Белое вокруг — сереет, темнеет, становится прозрачным, как таящий снег. Белое — нет, уже жемчужно-серое, неуловимо-розоватое, закатное — шевелится, извивается и распадается на безобидные клочки. Покряхтывая и опираясь о камни — одними пальцами, чтоб не задевать ободранные ладони, — Нигдеев встает, кренясь влево. Осторожно переносит вес на правую ногу. Колено отзывается болью — но не так чтобы сильной, вполне терпимой. Нигдеев выпрямляется, и мокрый ветер хлещет его по глазам.





— Как ты думаешь, сколько времени? — спрашивает Юрка. Нигдеев щурится на подсвеченные красным тучи над краем плато.

— Полседьмого где-то, — говорит он. — Собирай шмотье, минут за сорок до машины дохромаем.

— Покурим? — предлагает Юрка. Нигдеев лезет из-за руля. Они дымят, привалившись к железному боку машины. Юрка беспокойно шарит глазами по светящимся через одно окнам. Ветер, несущий снежную крупку, раздувает огоньки спрятанных в ладони сигарет, срывает искры, щедро рассыпая их по подмерзающей земле.

— Свет горит? — спрашивает Нигдеев.

— Нет. Спят уже, наверное, — рассеянно отвечает Юрка и отбрасывает сигарету. — Всего-то на пару часов опоздал, как ты думаешь, это ж ничего? Должна понимать! Поднимешься?

— Колено же, — Нигдеев отводит глаза. — Давай, послезавтра на работе увидимся.

— Покеда, — бросает Юрка, подхватывает рюкзак и ружье. Губы плотно сжаты, между бровями залегла внимательная складка. Словно туман так и не разошелся. Словно туман поджидает в темной квартире, за створками взломанного шкафа. Юрка очень, очень сосредоточен…

И после вылазки на Коги. Как собран и внимателен он был после Коги…

Нигдеев тряхнул головой. Юрка был всего лишь одиноким, давным-давно разведенным, ненужным ни бывшей жене, ни непутевому сыну стариканом, слегка придурковатым и неряшливым, но совершенно обычным. Глядя на его глубокие морщины и жидкие пегие волосенки, Нигдеев поневоле вспомнил, что сам на два года старше. Хуже зеркала, ей-богу…

Ел Юрка тоже по-стариковски, медленно орудуя подрагивающей вилкой, с всхлюпыванием втягивая в себя подозрительно розовые, однородно-упругие комочки начинки. К небритому подбородку пристал сероватый кусочек теста. Нигдеев несколько раз провел рукой по бороде, надеясь, что до Юрки дойдет, но тот не реагировал, и в конце концов Нигдееву пришлось уставиться в свою тарелку, лишь бы не видеть этот мерзкий трясущийся комок.

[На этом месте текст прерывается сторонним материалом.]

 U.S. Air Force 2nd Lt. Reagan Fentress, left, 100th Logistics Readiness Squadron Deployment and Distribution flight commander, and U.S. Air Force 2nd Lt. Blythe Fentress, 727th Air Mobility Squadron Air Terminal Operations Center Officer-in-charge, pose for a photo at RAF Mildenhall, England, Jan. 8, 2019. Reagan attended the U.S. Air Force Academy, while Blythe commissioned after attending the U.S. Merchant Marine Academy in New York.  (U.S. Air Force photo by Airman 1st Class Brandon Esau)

Тишина, нарушаемая лишь Юркиным хлюпаньем, становилась невыносимой. Не сводя глаз с разварившихся в лохмотья пельменей в своей тарелке, Нигдеев рискнул спросить:

— Ты чего так орал в магазине? Привидение увидел?

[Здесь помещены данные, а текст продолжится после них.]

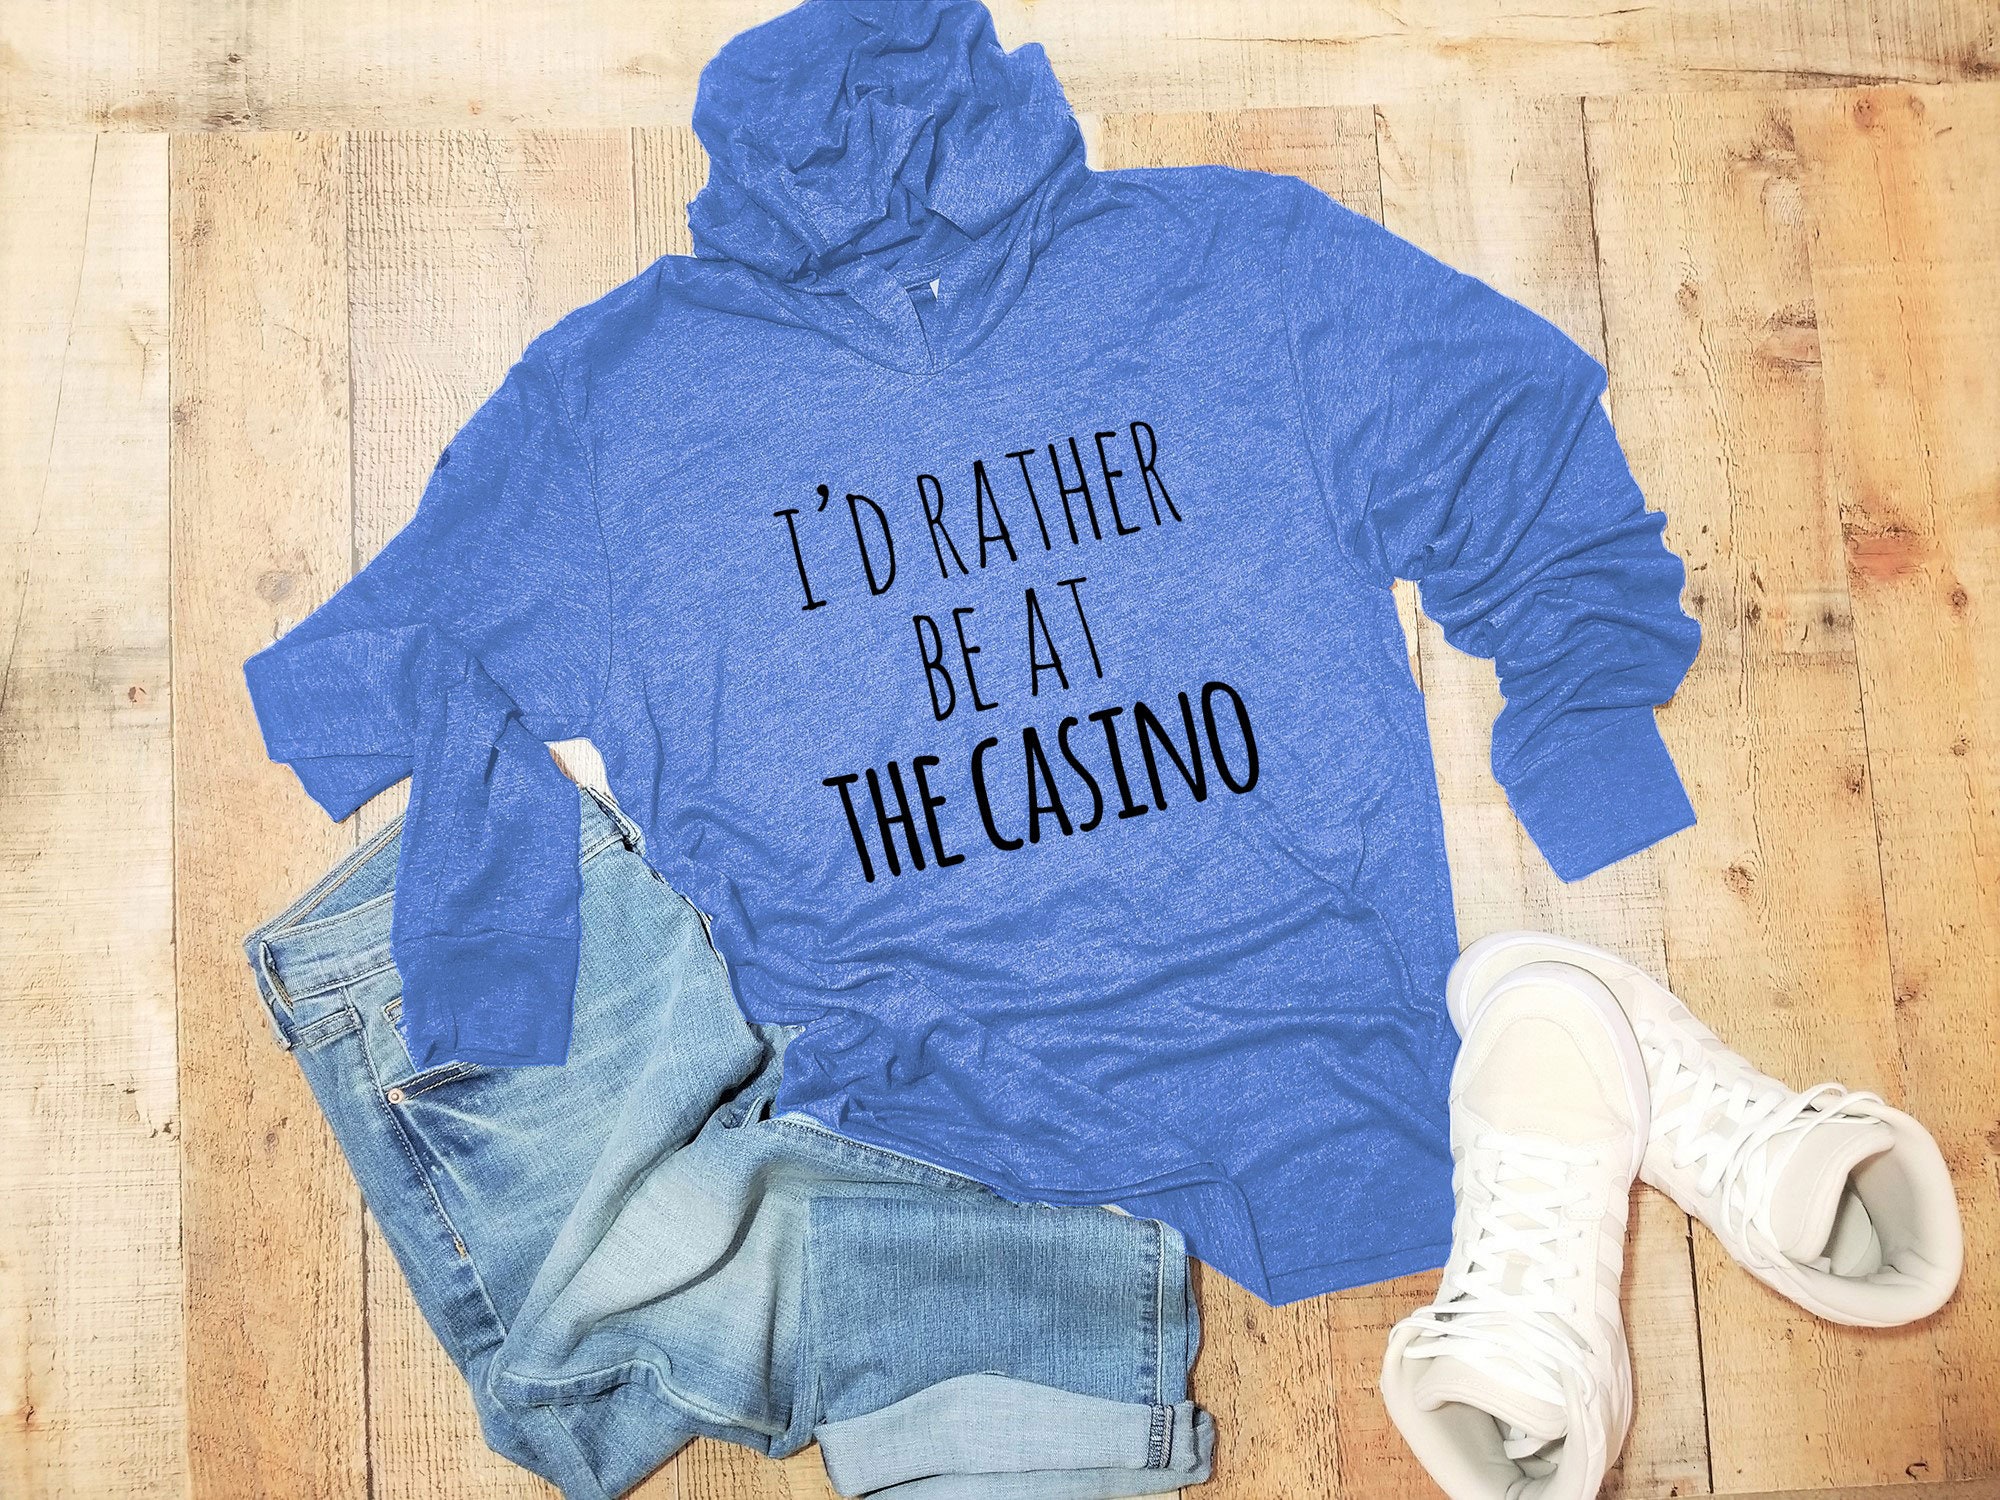 Distressed Typography Design Short-Sleeve Unisex T-Shirt I'd Rather Be At The Casino

Юрка молчал так долго, что Нигдеев уже решил — не ответит. Такое случалось часто и бесило до белых глаз: Юрка попросту не считал нужным открыть рот. А когда-то ведь болтал без умолку, к месту и не к месту, не заткнуть было. Старые грабли… Нигдеев резко отодвинул тарелку с ошметками разварившегося теста. Жалобно звякнула вилка. Он уже хотел молча выйти из-за стола, когда Юрка все-таки заговорил.

— Ты почему меня к себе позвал? — спросил он.

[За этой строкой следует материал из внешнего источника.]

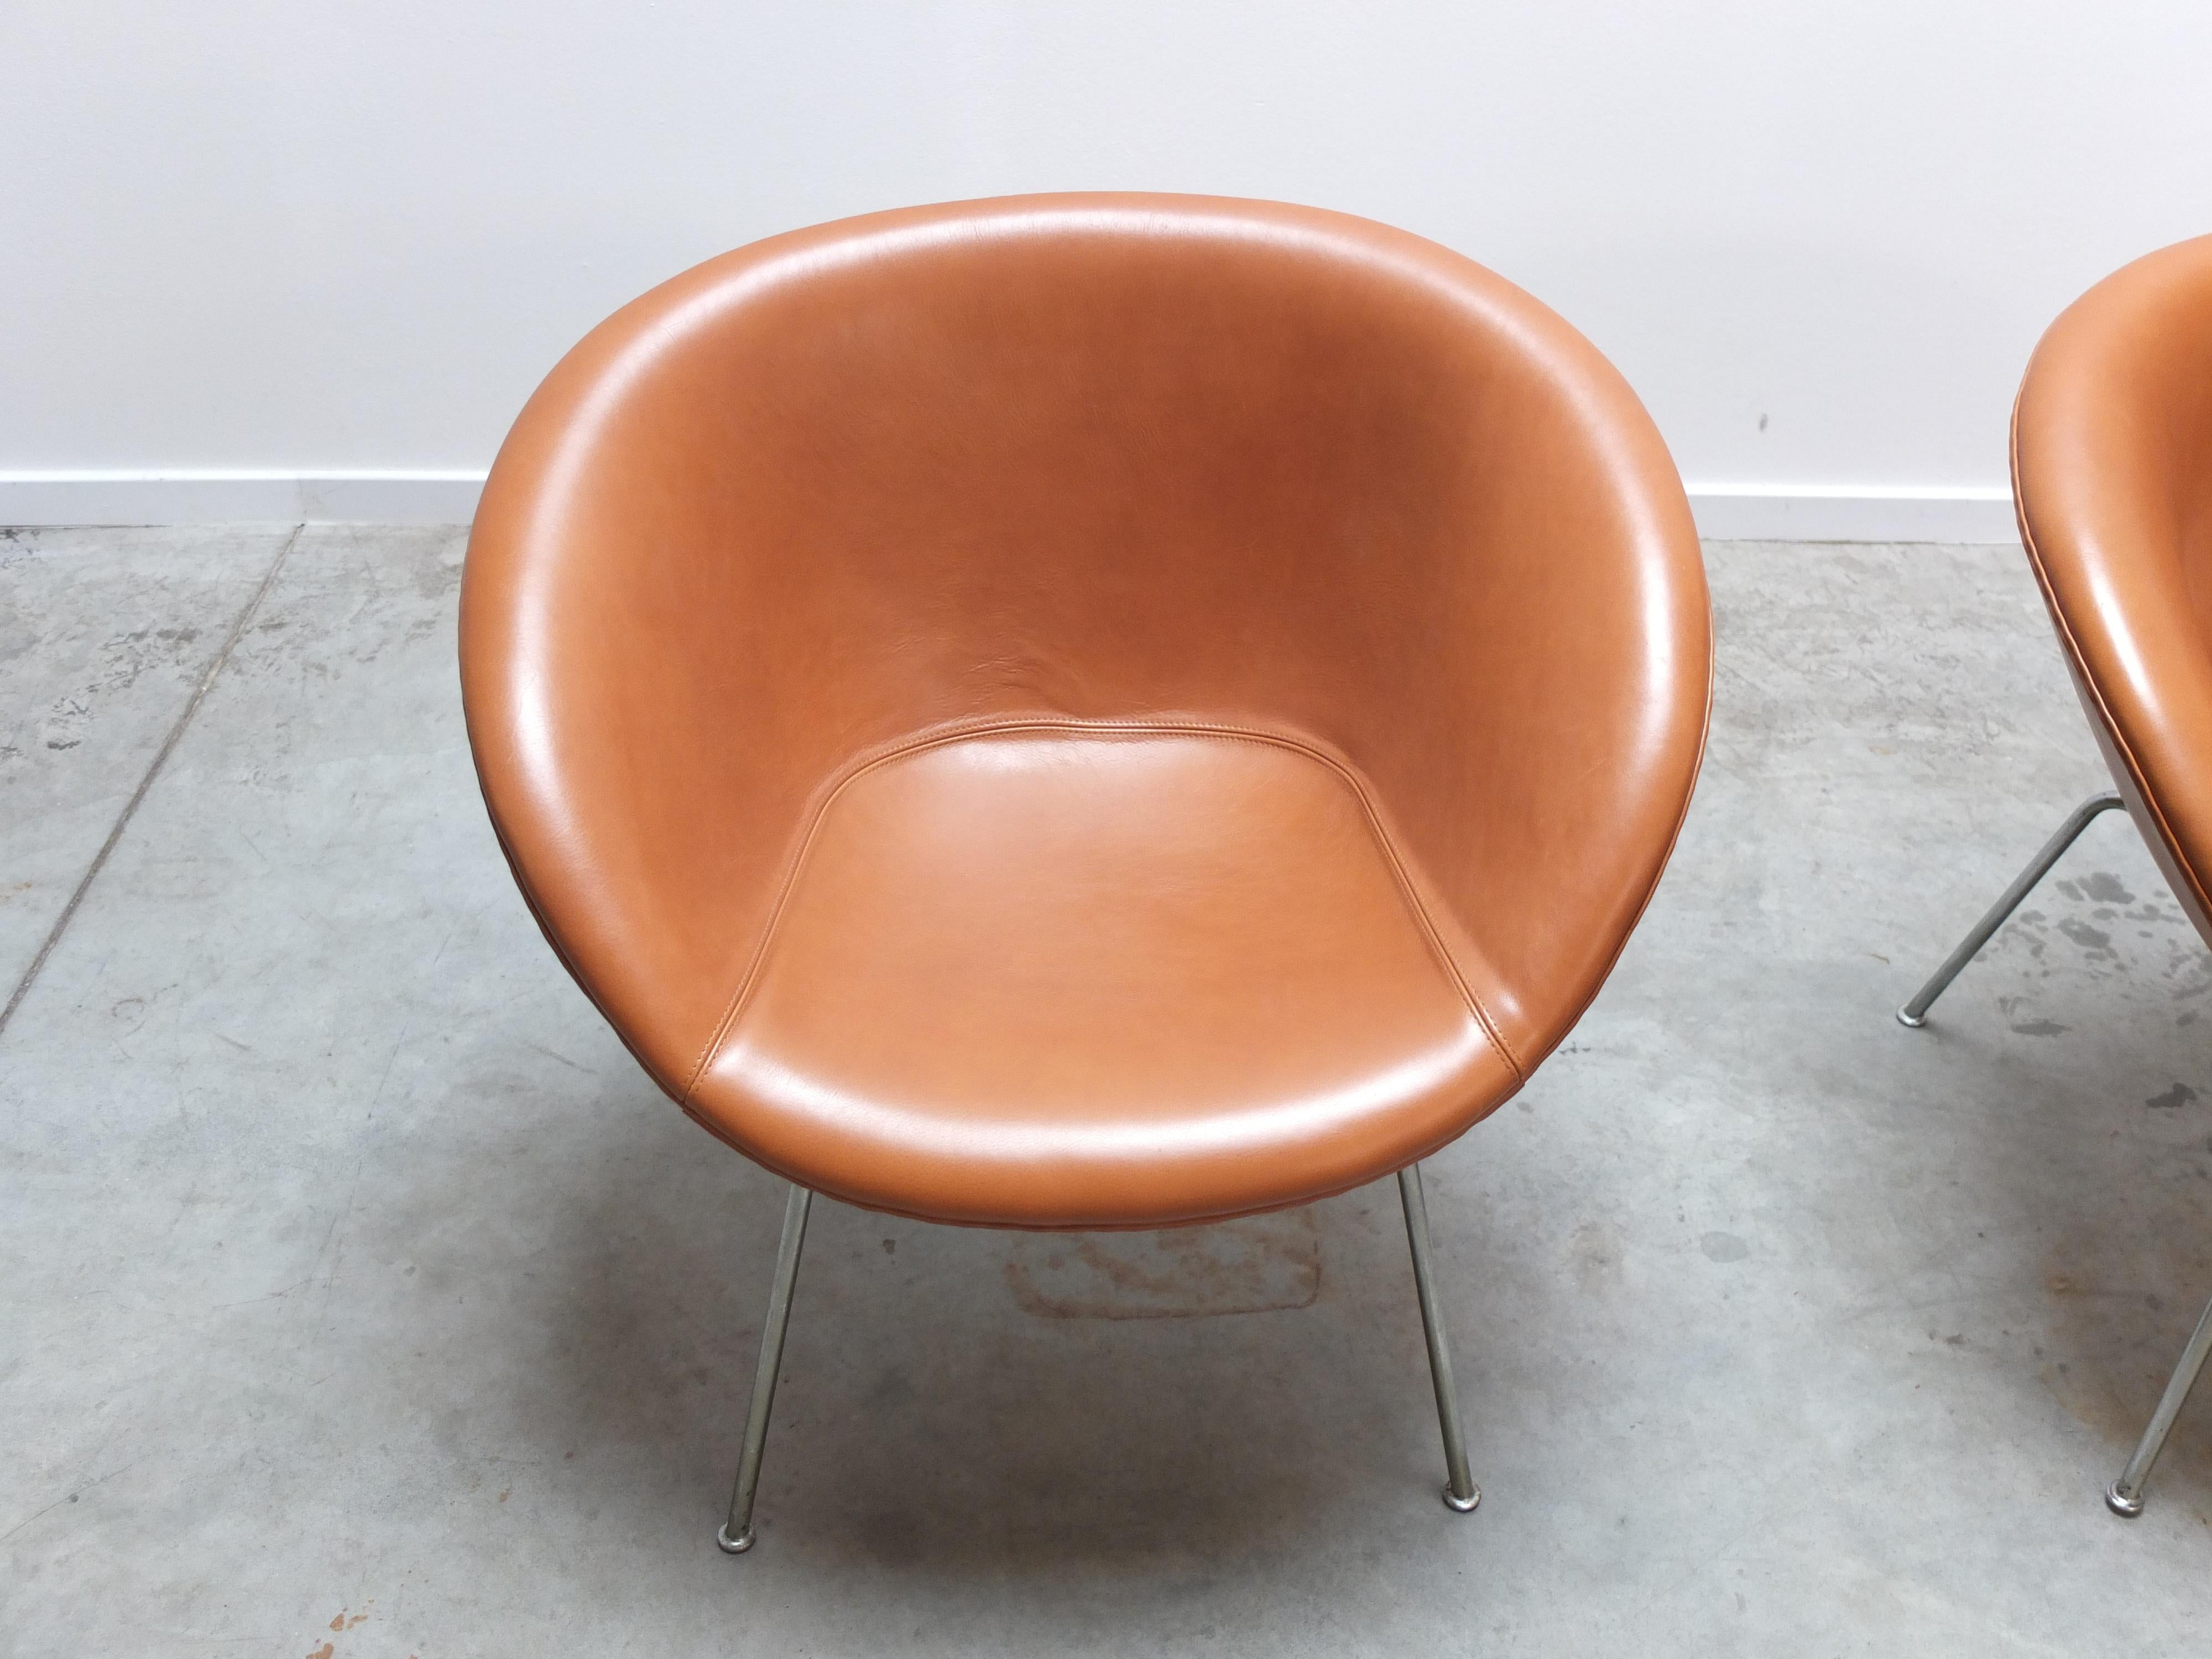 20th Century Early Pair of 'Pot' Lounge Chairs by Arne Jacobsen for Fritz Hansen, 1950s For Sale

Нигдеев громко откашлялся — «кхы-кхыы!» — и опустил приподнятый было зад на стул. Юрка все смотрел; похоже, он действительно дожидался ответа. Какого-то определенного ответа. На дне его выцветших глаз плескалась неприятная хитреца, мутный намек на сообщничество: мол, мы-то с тобой знаем. Как будто был между ними какой-то секрет. Скверный секрет, такой грязный, что Нигдееву захотелось помыться. Он раздраженно проговорил:

— Идиотский вопрос. Ты мой друг. Мне что, надо было смотреть, как тебя на улицу выкидывают?

Юрка отвел глаза, и по его помятой физиономии скользнула тень разочарования. Морщась, он ковырнул вилкой розовый комок начинки.